John Meisel, who served as the Chair of the CRTC from 1979 to 1983, has passed away at the age of 101.
According to an obituary published in the Kingston Whig Standard this week, the Queen’s University Professor Emeritus died peacefully on March 30.
Born in Vienna, Austria to Jewish Czech parents, the Meisel family was sent abroad by the Bata Shoe Company where Meisel’s father worked, as the Nazi occupation loomed. Jewish employees were dispatched to other Bata facilities, taking Meisel to the Netherlands, Morocco and Haiti before arriving in Canada in 1942.
He attended Ottershaw College in the UK, Pickering College in Newmarket, ON, the University of Toronto, and eventually earned a PhD at the London School of Economics.
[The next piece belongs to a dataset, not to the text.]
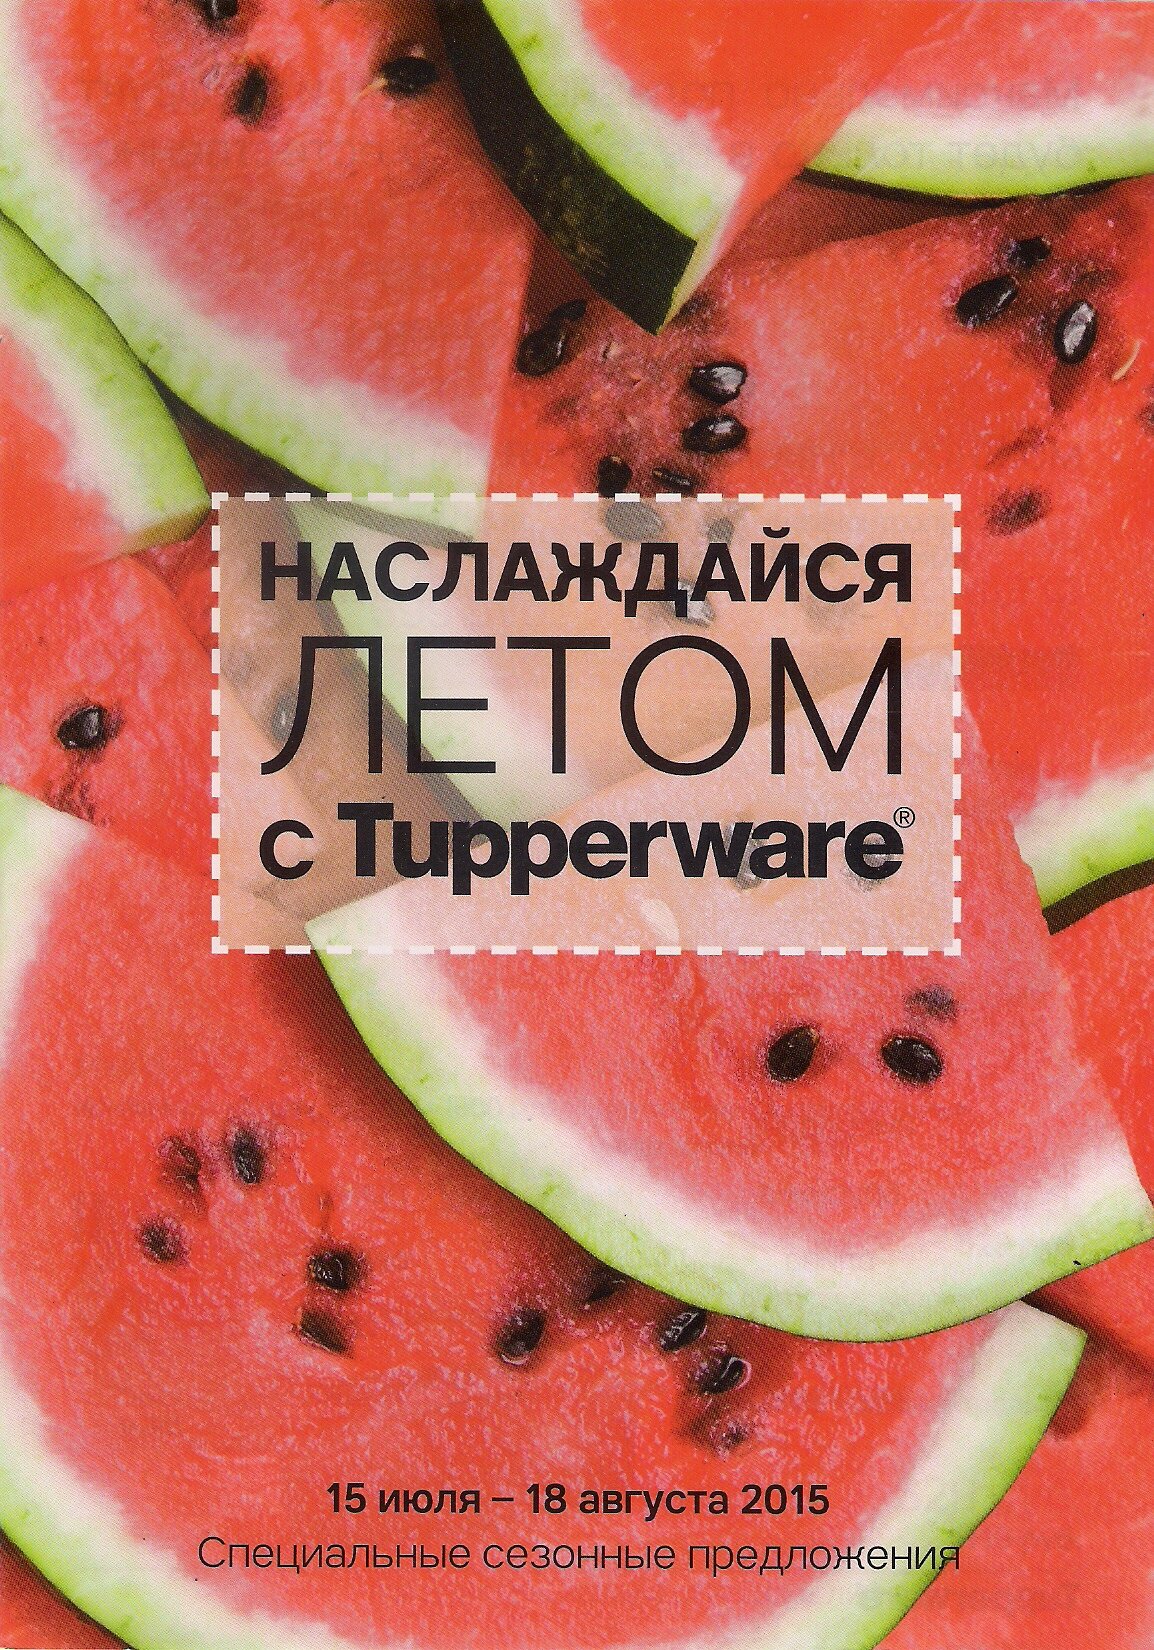 http://tupper4you.ru/images/upload/o5.jpg

He went on to teach political science at Queen’s University for five decades, starting in 1949, and was a co-founder of The Canadian Journal of Political Science and The International Political Science Review.
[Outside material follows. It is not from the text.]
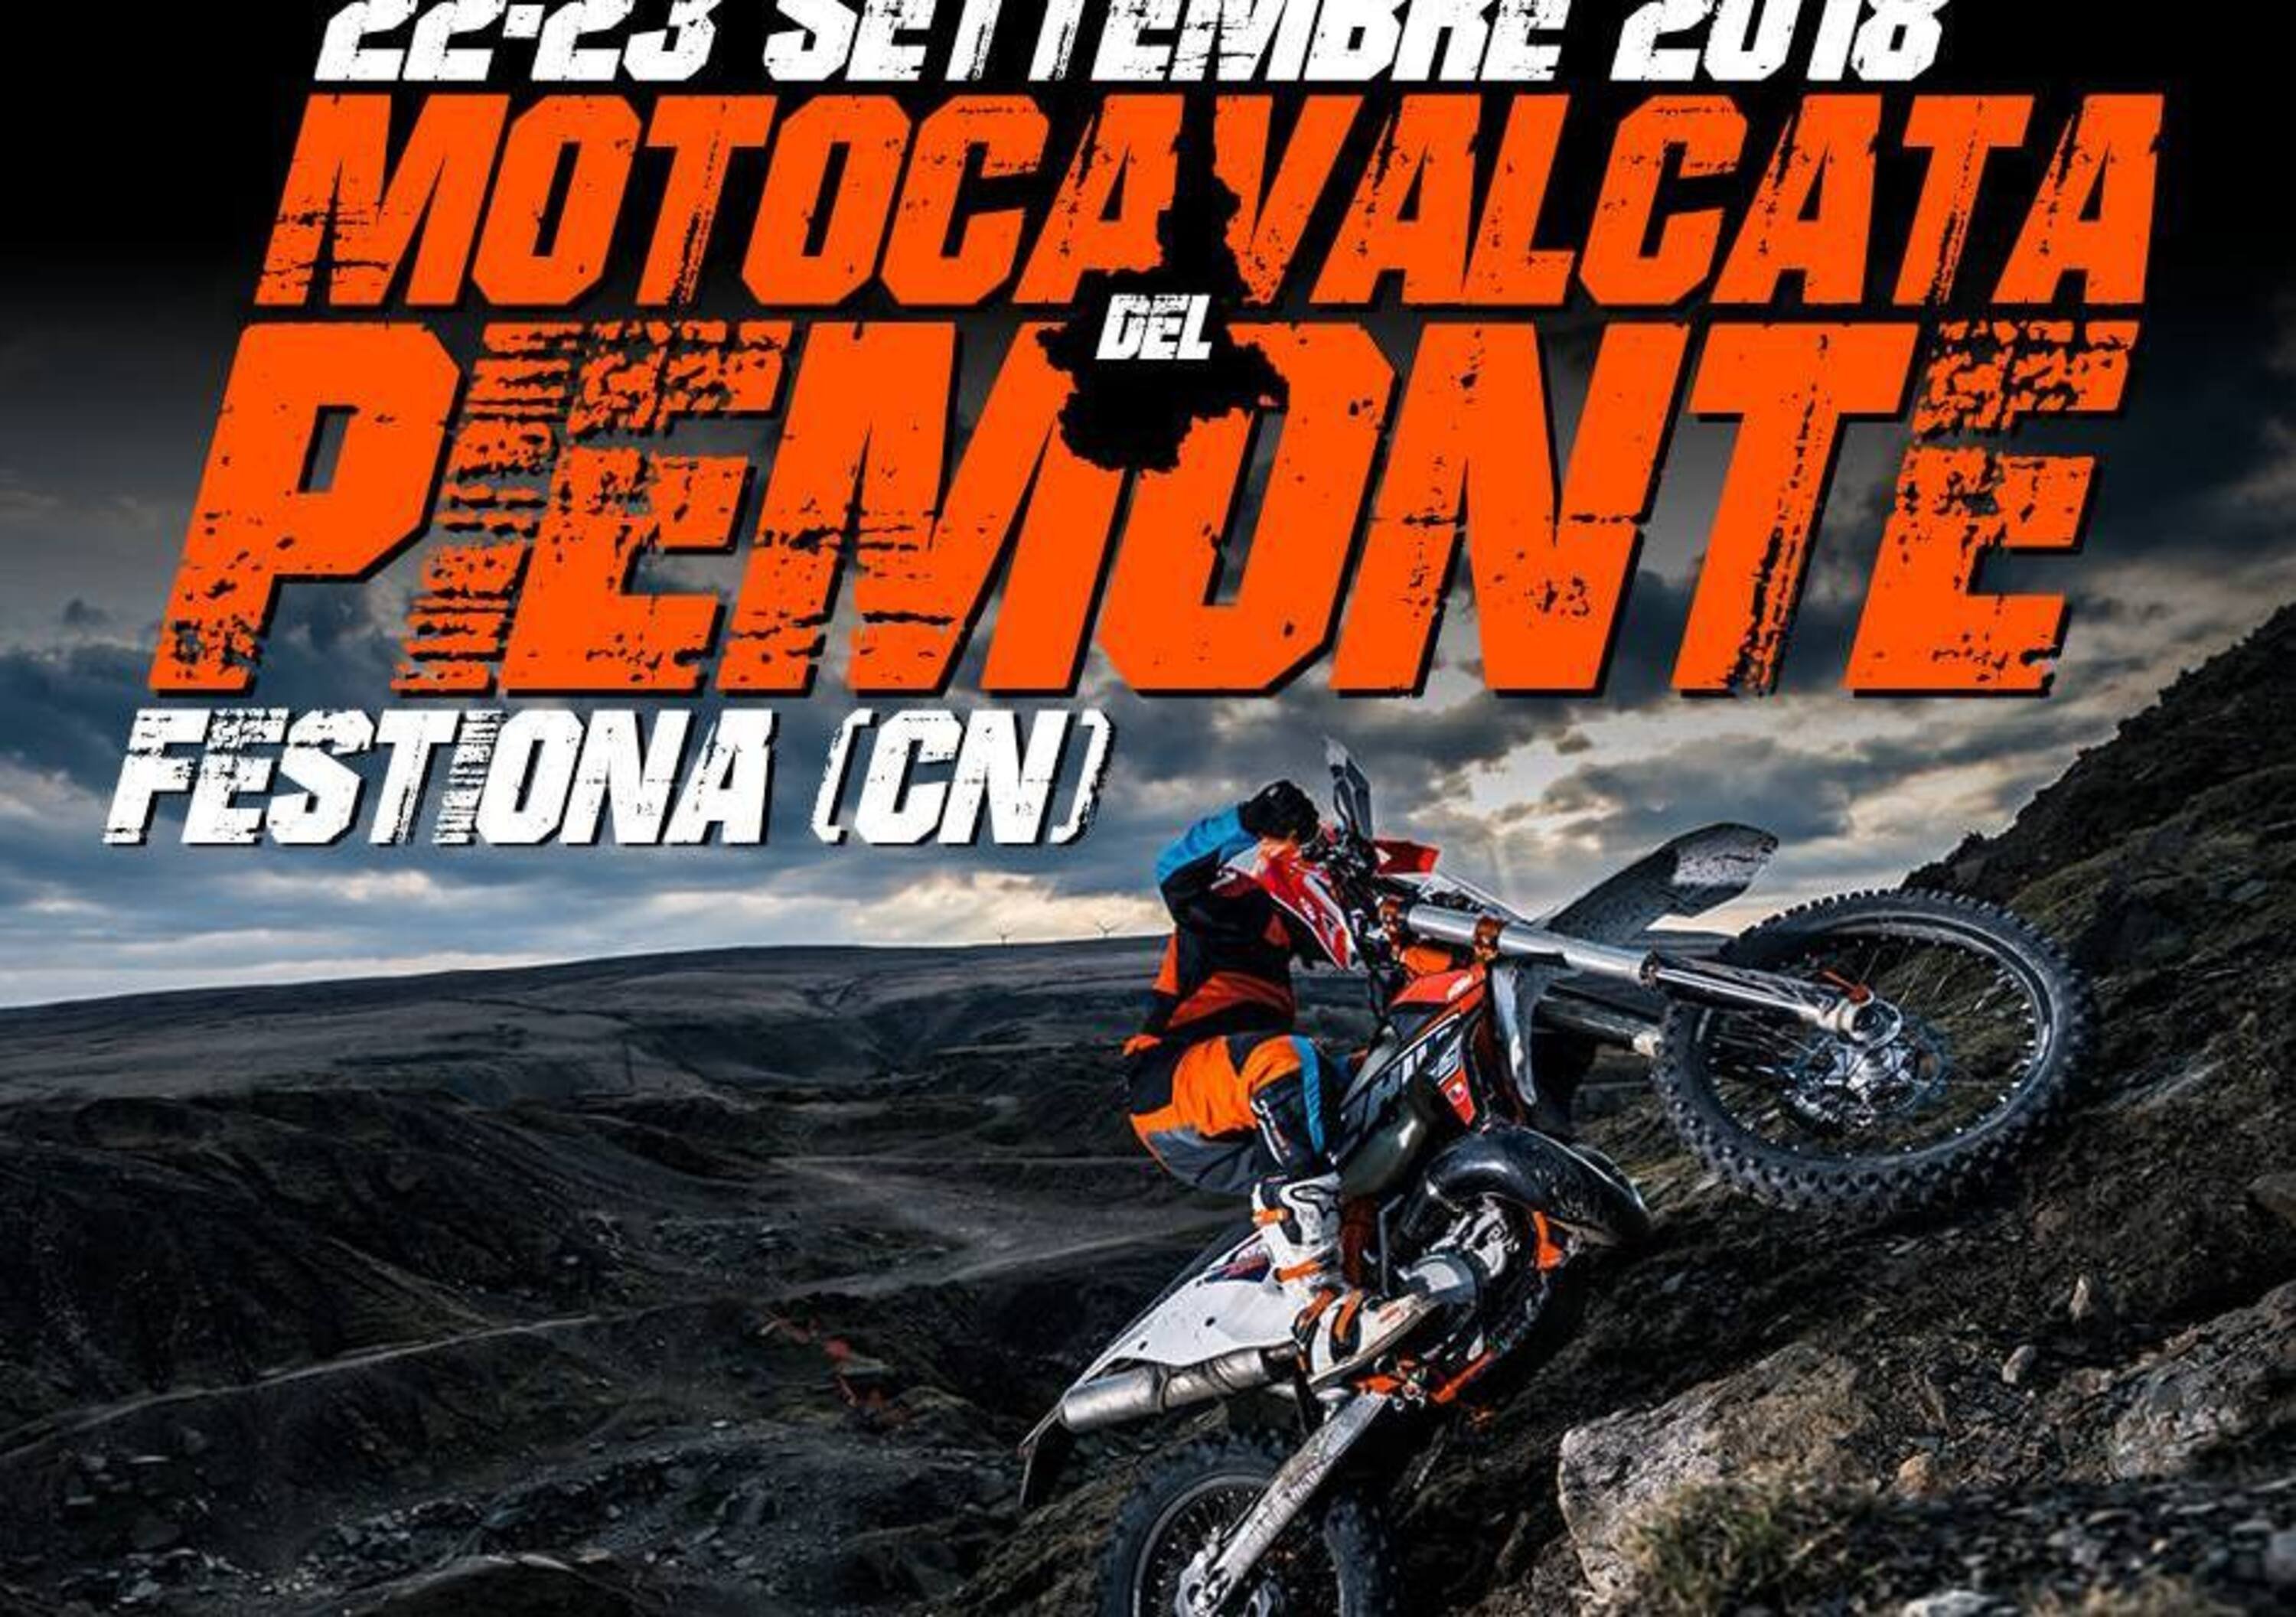 Motocavalcata del Piemonte: fuoristrada e test dei nuovi modelli KTM

A strong supporter of Canadian culture and the arts, Meisel was appointed Chair of the CRTC in 1979 by Joe Clark’s government, serving through Oct. of 1983.
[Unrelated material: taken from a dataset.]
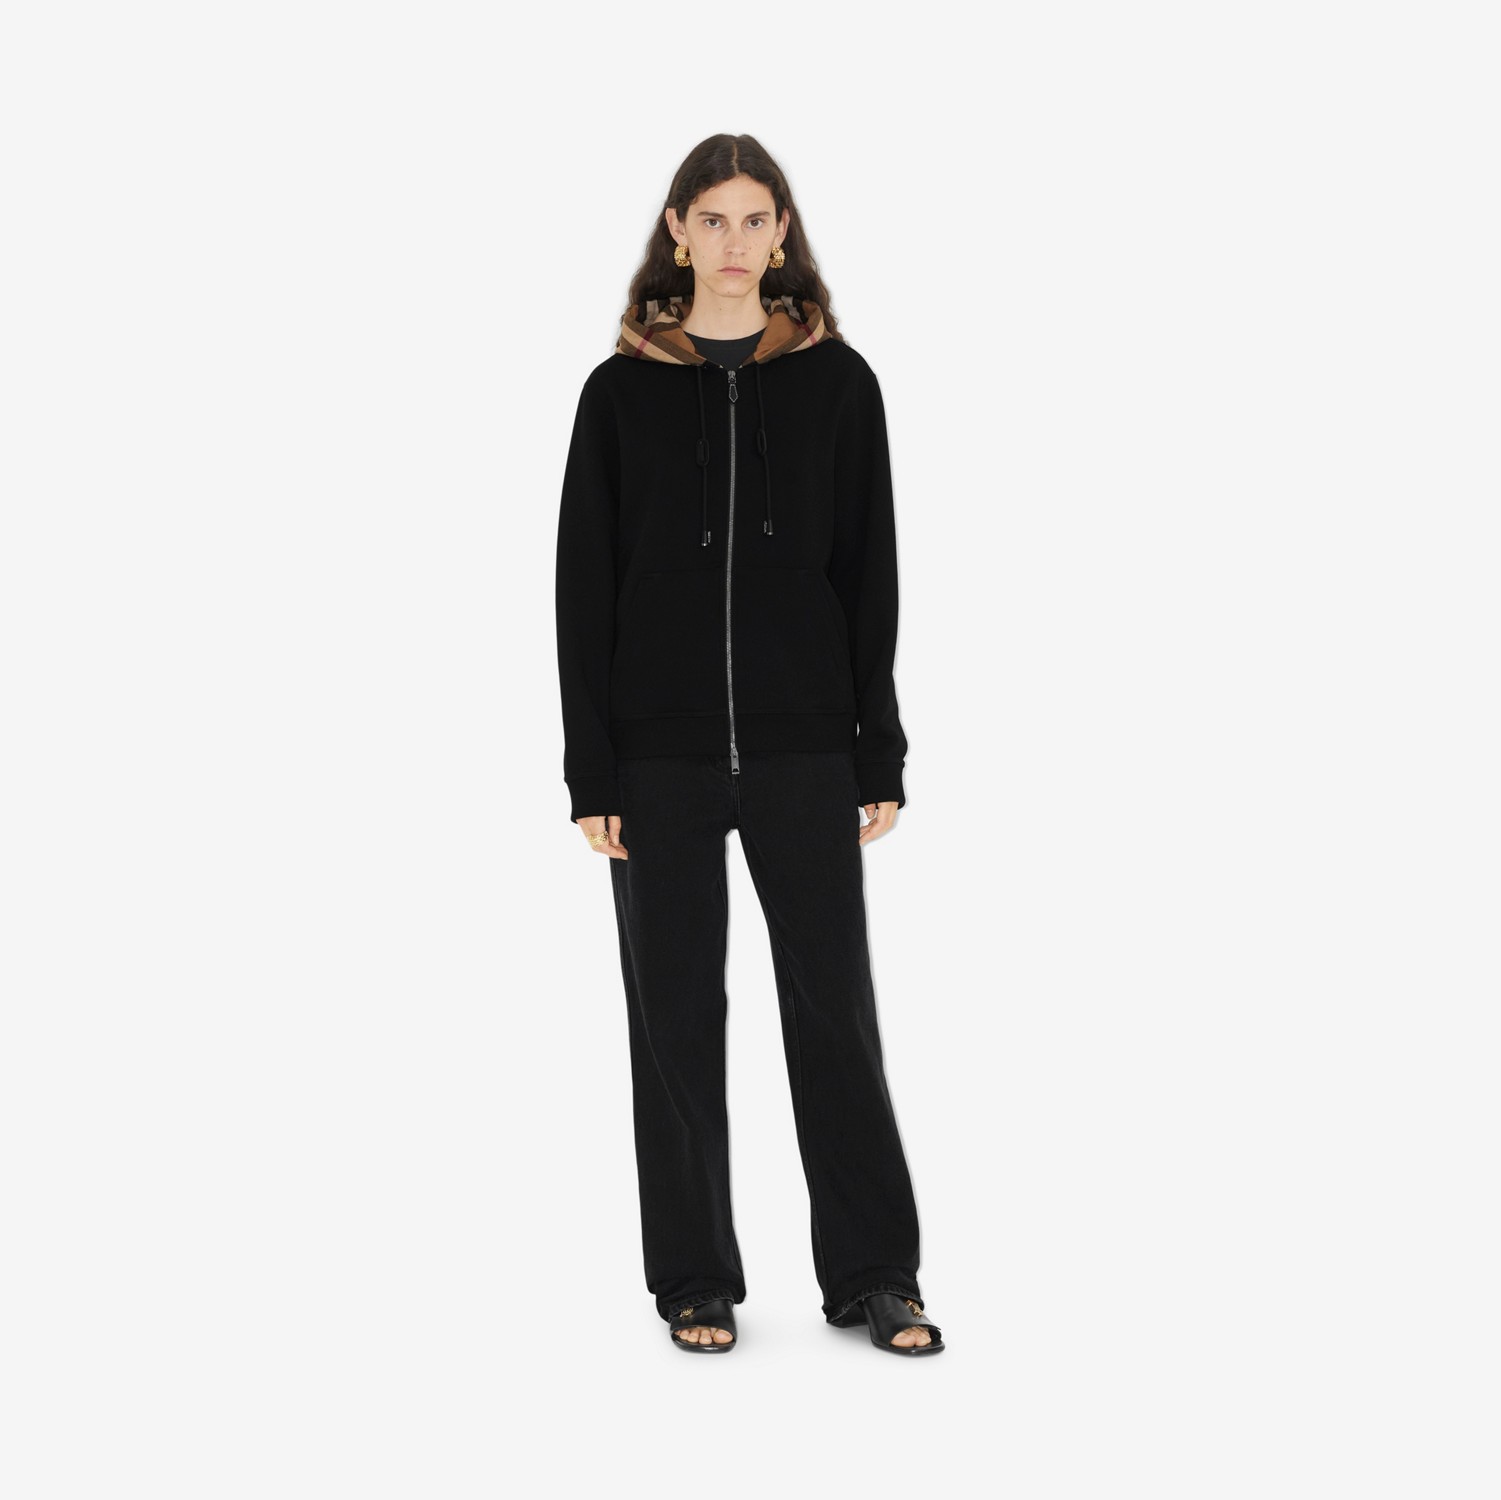 Sudadera en algodón con cremallera, capucha y detalles Check (Negro) - Mujer | Burberry® oficial

Among the notable developments during his term was the introduction of pay-TV in Canada. The regulator also turned down a proposal from the public broadcaster to launch a “CBC-2” cable offering, and grappled with the issue of how to regulate programming content as satellite dishes beaming in foreign content became more affordable. The commission additionally licensed satellite technology to provide multi-channel television and radio service to northern and remote communities for the first time under Meisel’s tenure.
He returned to Queen’s following his term as Chair. Meisel was named an Officer of the Order of Canada in 1989 and was promoted to Companion status in 1999. He penned his memoir, A Life of Learning and Other Pleasures, in 2012.
Also known for his philanthropy, Meisel donated the Meisel Woods Conservation Area to the Rideau Valley Conservation Authority in 2000, 130 acres of forested trails, intended as a nature sanctuary for Eastern Ontario residents.